标题： 闭合和开放曲面的轴对称Willmore流的稳定近似 显示英文标题

标题： Stable approximations for axisymmetric Willmore flow for closed and open surfaces

摘要： 对于${\mathbb R}^3$中的超曲面，Willmore 流被定义为经典 Willmore 能量的$L^2$-梯度流：即平均曲率平方的积分。这种几何演化定律在微分几何、图像重建和数学生物学中具有研究价值。在本文中，我们提出了轴对称超曲面的 Willmore 流的新数值近似方法。对于半离散连续时间变体，我们证明了一个稳定性结果。我们考虑了闭合曲面和有边界的情况。在后一种情况下，我们仔细推导了适当边界条件的弱形式。
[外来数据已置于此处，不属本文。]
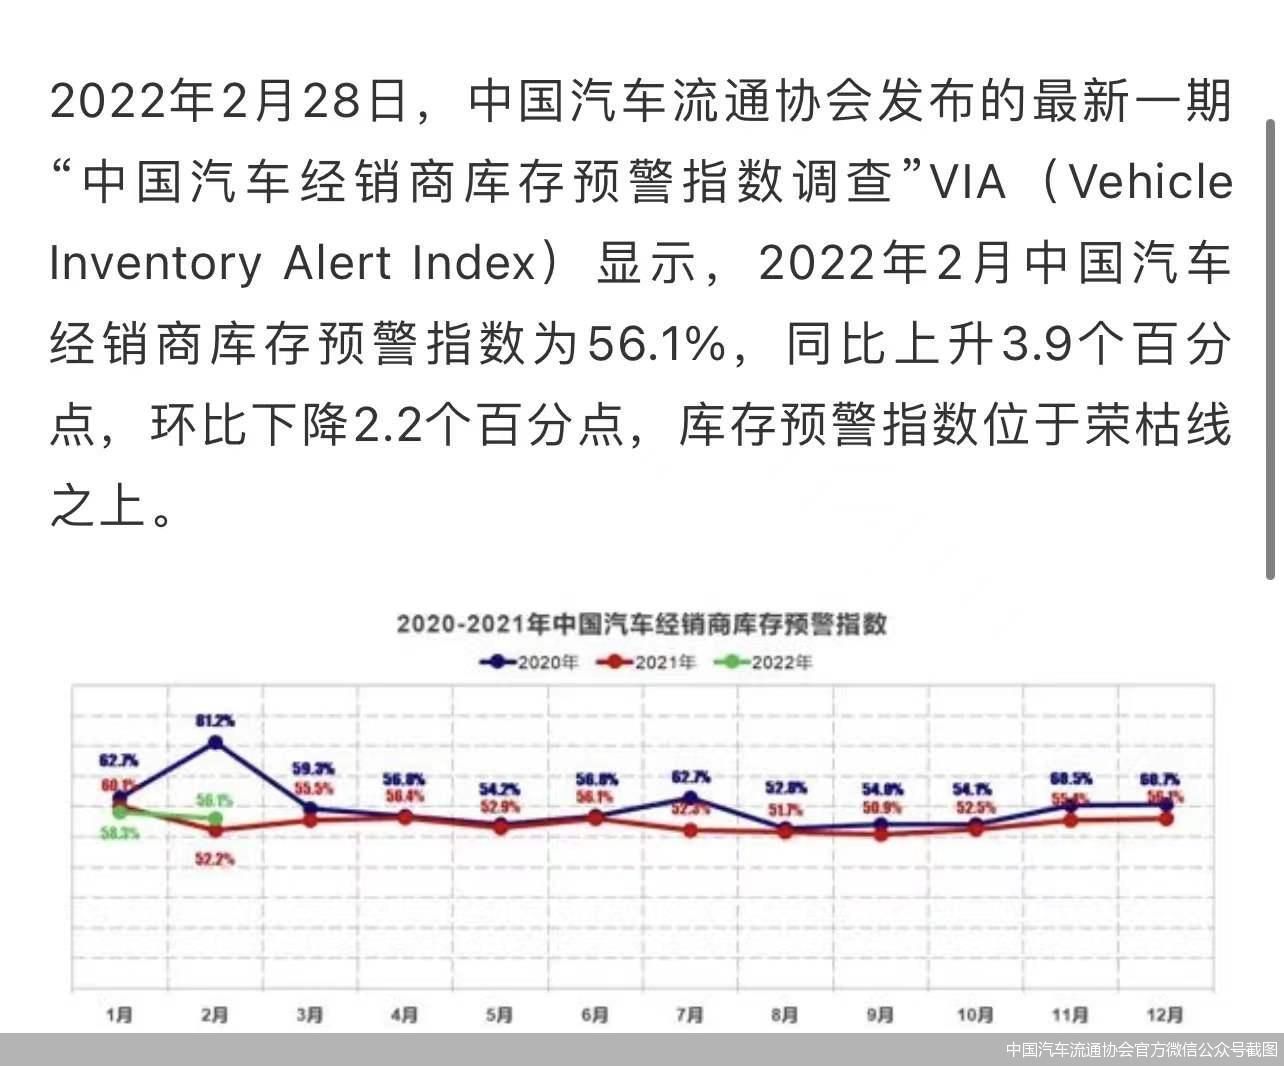 2月中国汽车经销商库存预警指数为56.1%

此外，我们考虑了许多经典 Willmore 能量的推广，特别是那些在生物膜研究中起作用的能量。在广义模型中，我们包含了自发曲率和面积差异弹性（ADE）效应、高斯曲率和线能贡献。多个数值实验展示了我们开发的数值方法的效率和鲁棒性。 显示英文摘要

摘要： For a hypersurface in ${\mathbb R}^3$, Willmore flow is defined as the $L^2$--gradient flow of the classical Willmore energy: the integral of the squared mean curvature. This geometric evolution law is of interest in differential geometry, image reconstruction and mathematical biology. In this paper, we propose novel numerical approximations for the Willmore flow of axisymmetric hypersurfaces. For the semidiscrete continuous-in-time variants we prove a stability result. We consider both closed surfaces, and surfaces with a boundary. In the latter case, we carefully derive weak formulations of suitable boundary conditions. Furthermore, we consider many generalizations of the classical Willmore energy, particularly those that play a role in the study of biomembranes. In the generalized models we include spontaneous curvature and area difference elasticity (ADE) effects, Gaussian curvature and line energy contributions. Several numerical experiments demonstrate the efficiency and robustness of our developed numerical methods.